- Born: 18 June 1880 Parramatta, New South Wales, Australia
- Died: 16 August 1965 (aged 85) Berrima, New South Wales, Australia
- Other name: "Chips" Weston
- Education: School of Art Wood-Carving, South Kensington
- Occupation: Cabinet-maker

= Nora Kate Weston =

Australian cabinet-maker and woodcarver

Nora Kate Weston (June 18, 1880 – August 16, 1965), also known as "Chips" Weston, was an Australian cabinet-maker who taught woodcarving, carpentry and leatherwork. She was influential in the arts and crafts movement in Australia.

==Early life==
Nora Kate Weston was born on 18 June 1880 at Parramatta in New South Wales. Her parents were Frederick Weston and Mary Ann Elliott. She had eight brothers and sisters.

==Career==
Weston studied in London at the School of Art Wood-Carving, South Kensington.

Weston opened Sydney studios which offered art classes, lessons in woodcarving, carpentry and leatherwork. Together with her partner Eirene Mort, and artists Dorothea Adams and Beatrice Pearson, she gave private lessons to adults and groups of children at their studio.

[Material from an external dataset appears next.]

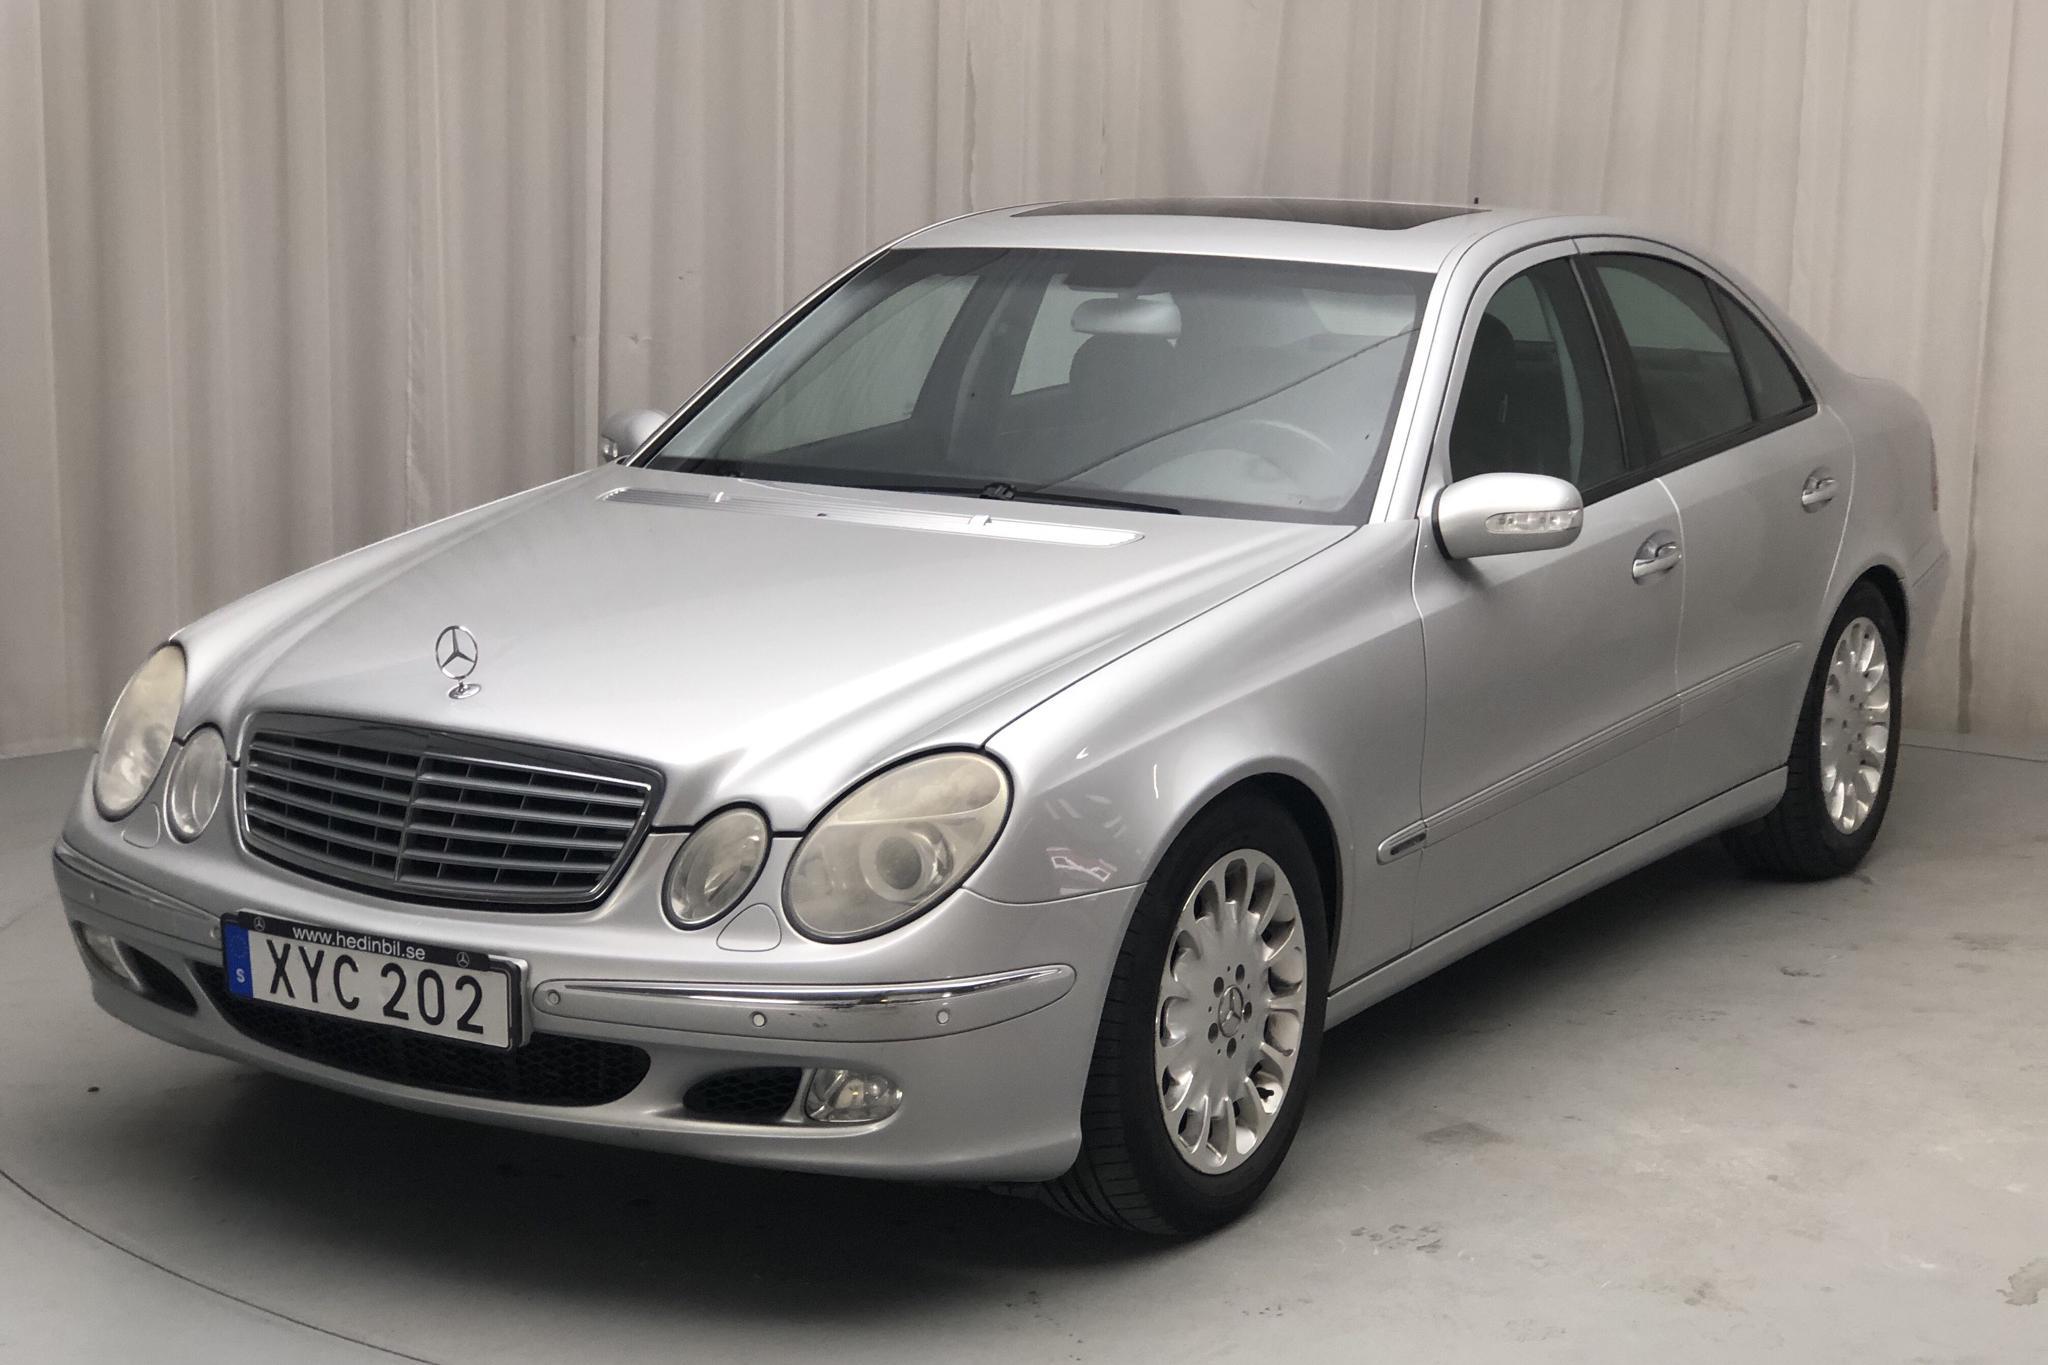 Mercedes E 500 W211 (306hk) - 265 060 km - Automatic - silver - 2002

The studio became a professional design and Australian art centre which operated for more than 30 years. They promoted Australian products and design, designing and manufacturing furniture, wood carving, metalwork, bookbinding and leatherwork, using their own designs.

Weston was an early member of the Society of Arts and Crafts of New South Wales.

Weston taught crafts to wounded soldiers in various hospitals in World War I and in World War II.

==Personal life==
Weston died on 16 August 1965 at Berrima.